(Task goal): Retype the data that follows exactly. No pictures belong in the copy.

(Stored data):
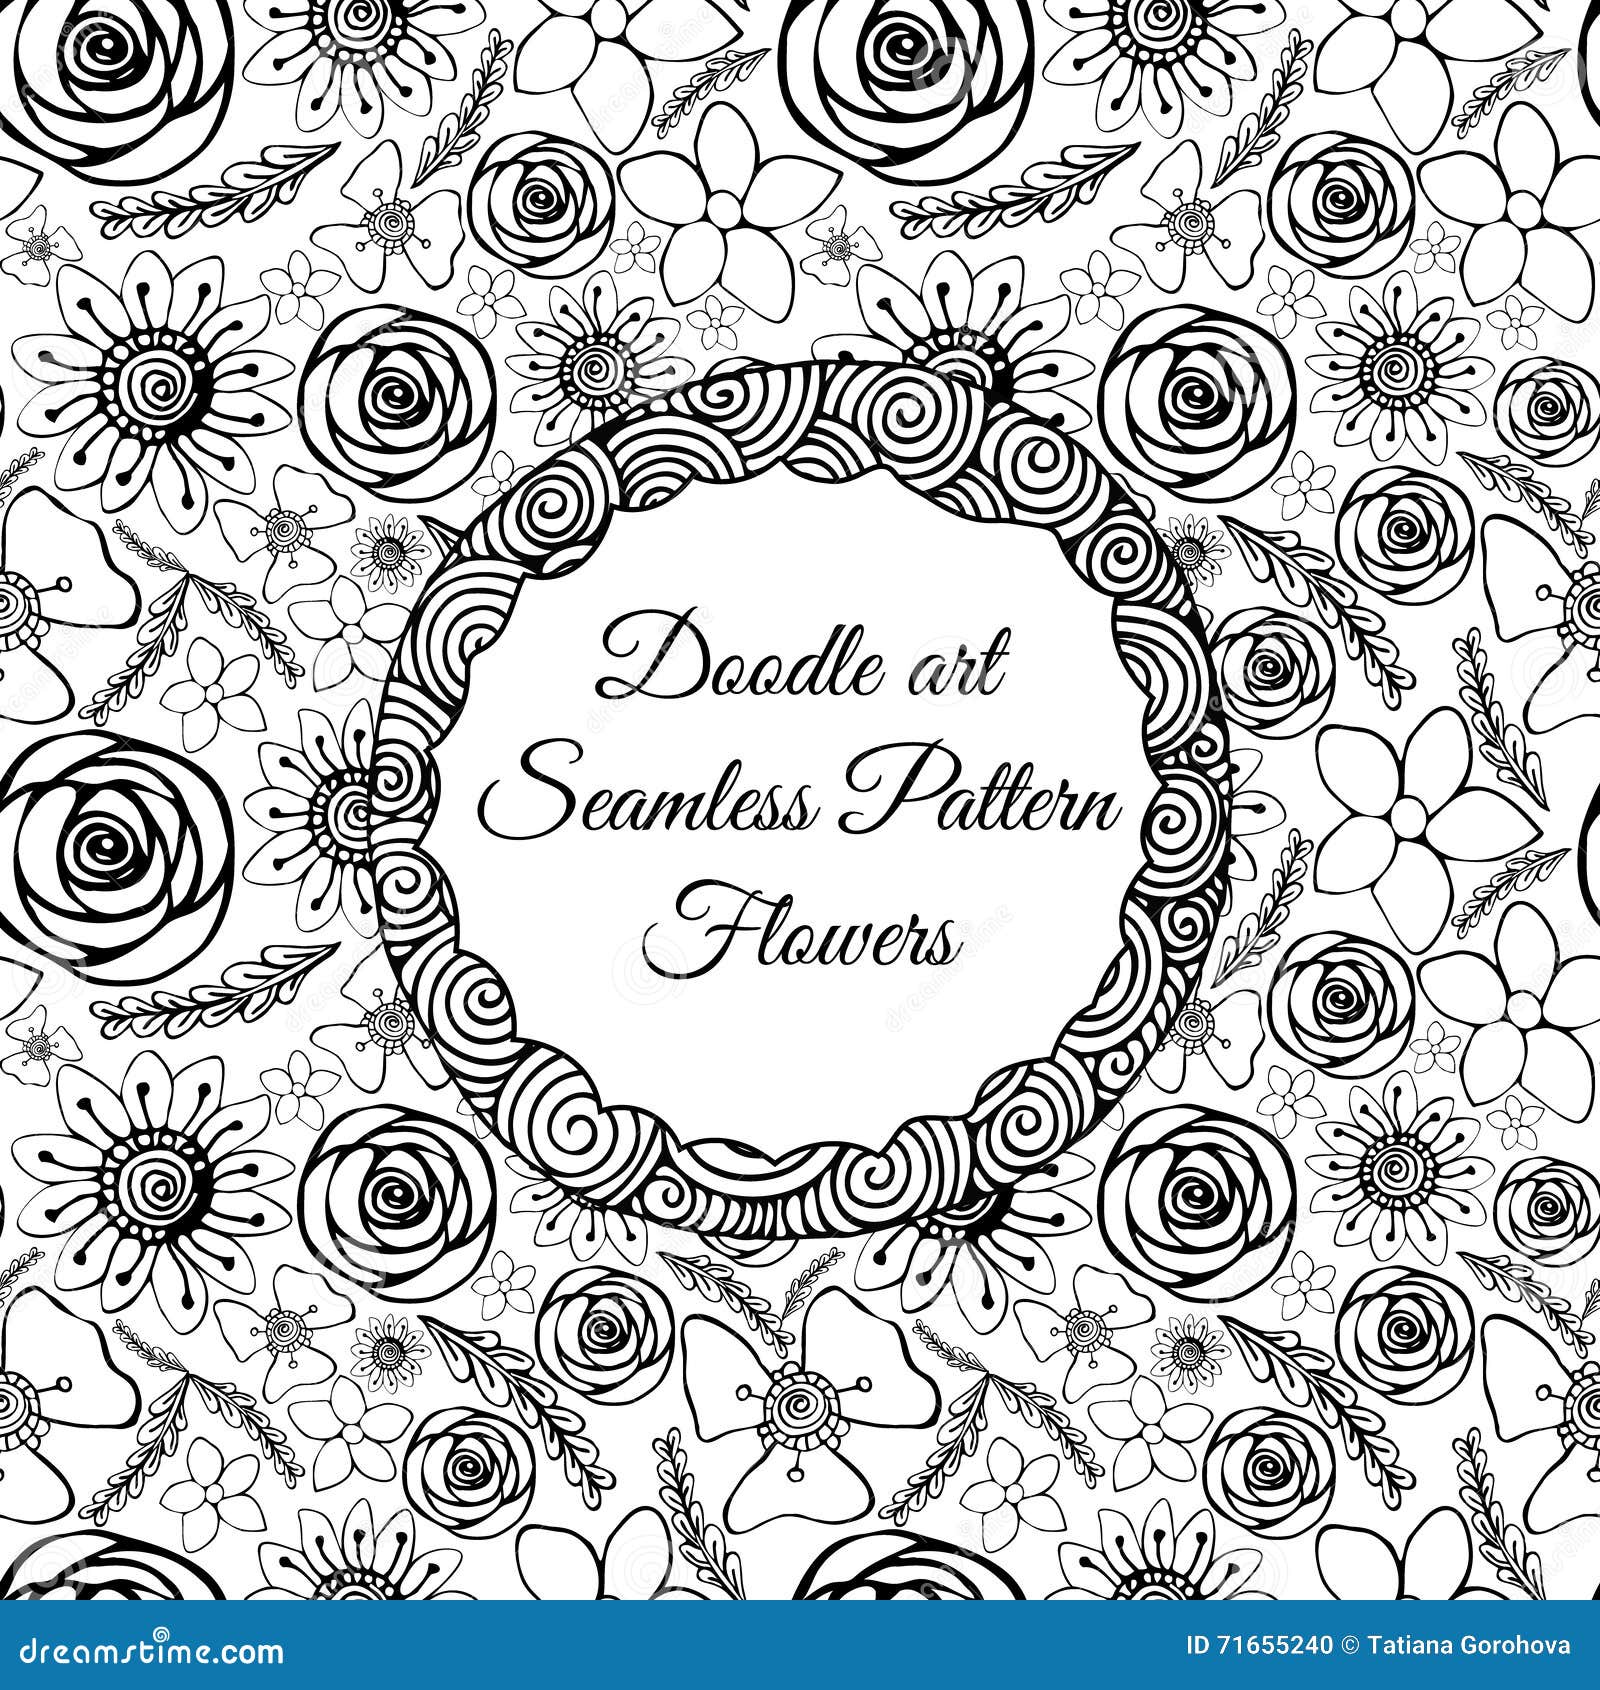 Doodle Art Abstract Seamless Pattern With Flowers Vector
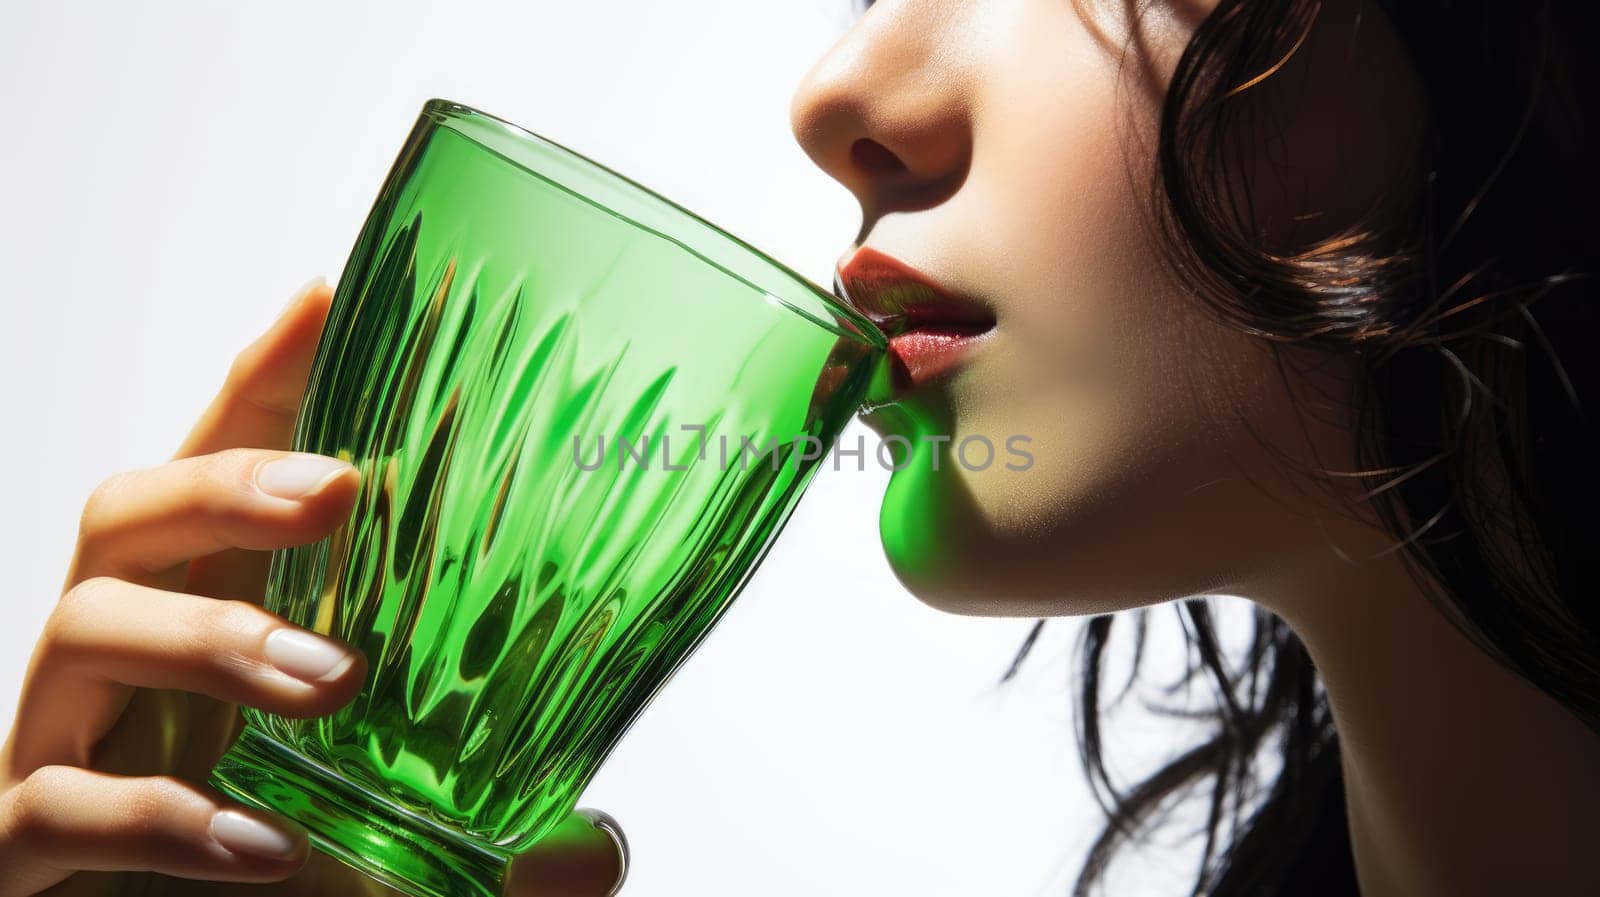 Beautiful brunette woman enjoying drink from green glass at the cozy bar celebrating St Patricks Day by JuliaDorian
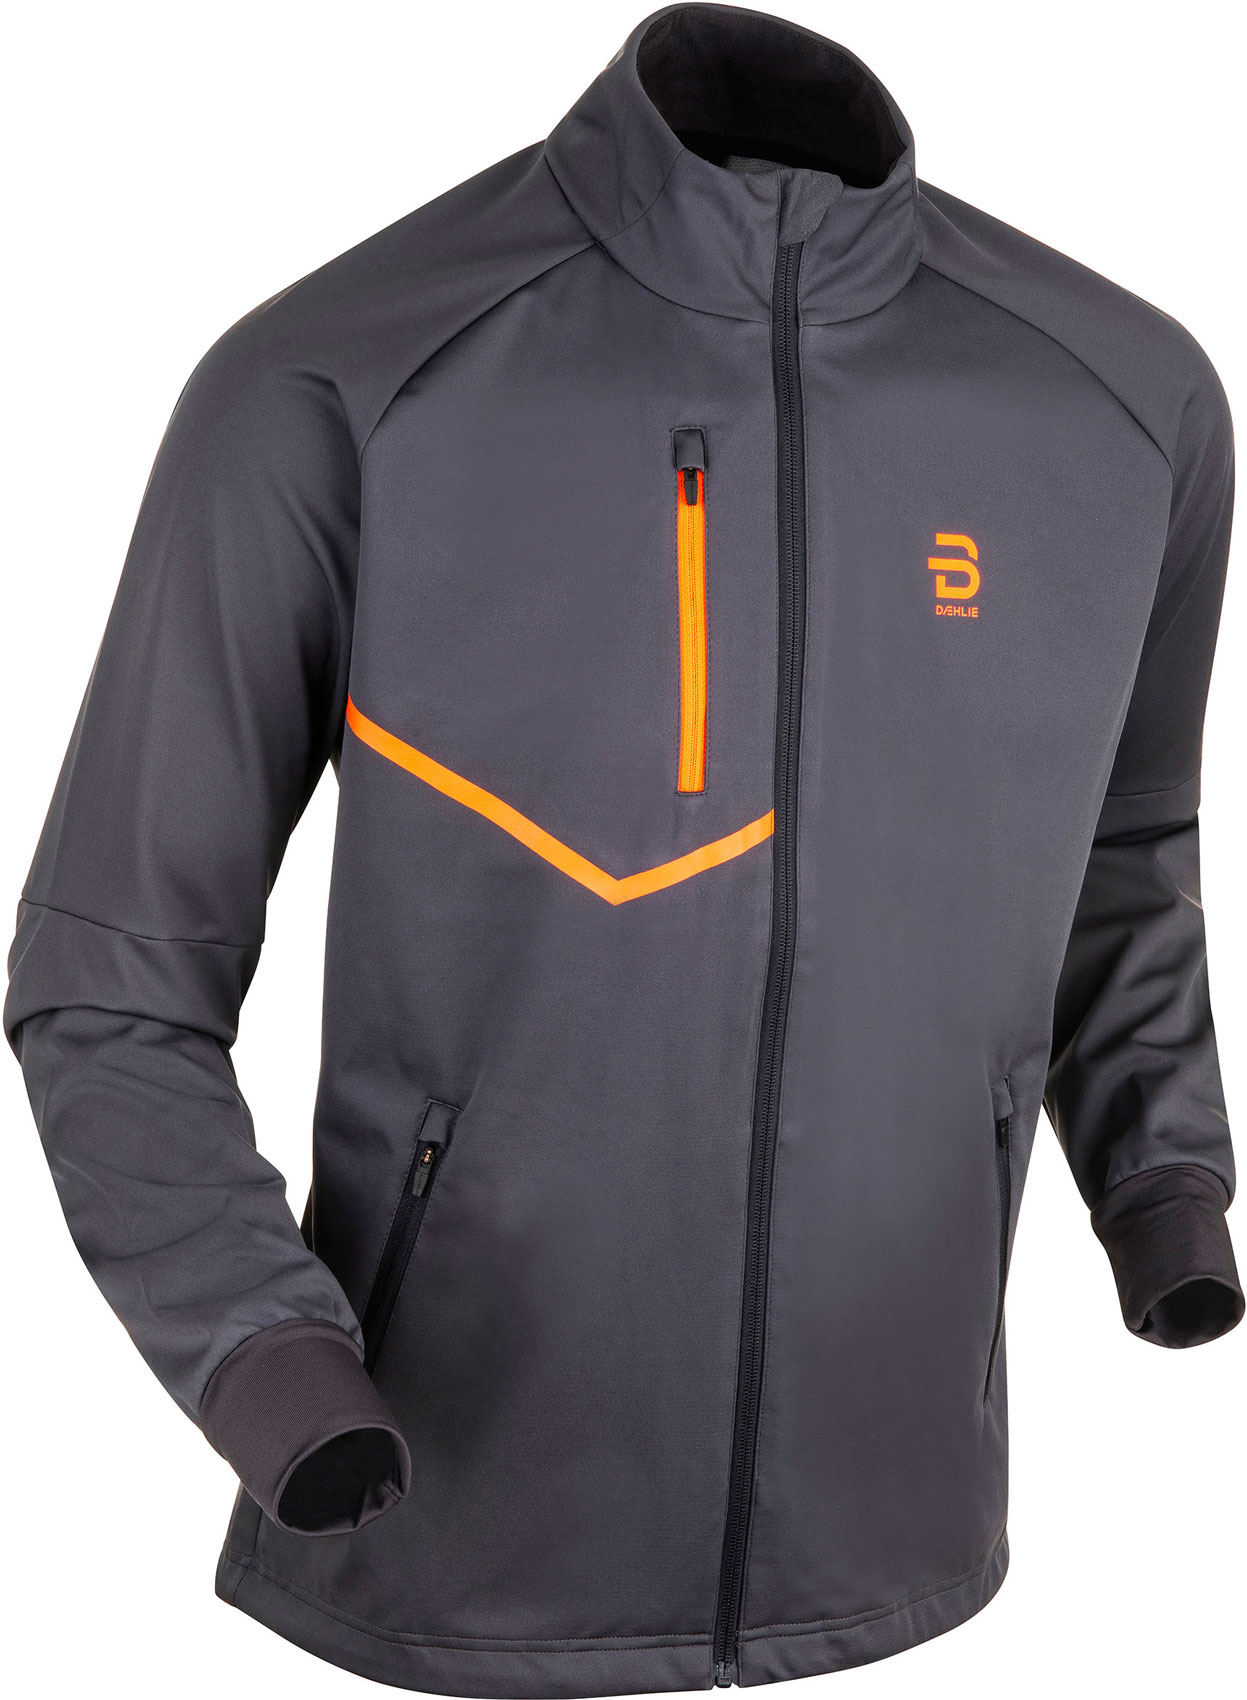 Jacket for cross-country skiing

(Result):
 Doodle Art Abstract Seamless Pattern With Flowers Vector
 Beautiful brunette woman enjoying drink from green glass at the cozy bar celebrating St Patricks Day by JuliaDorian
 Jacket for cross-country skiing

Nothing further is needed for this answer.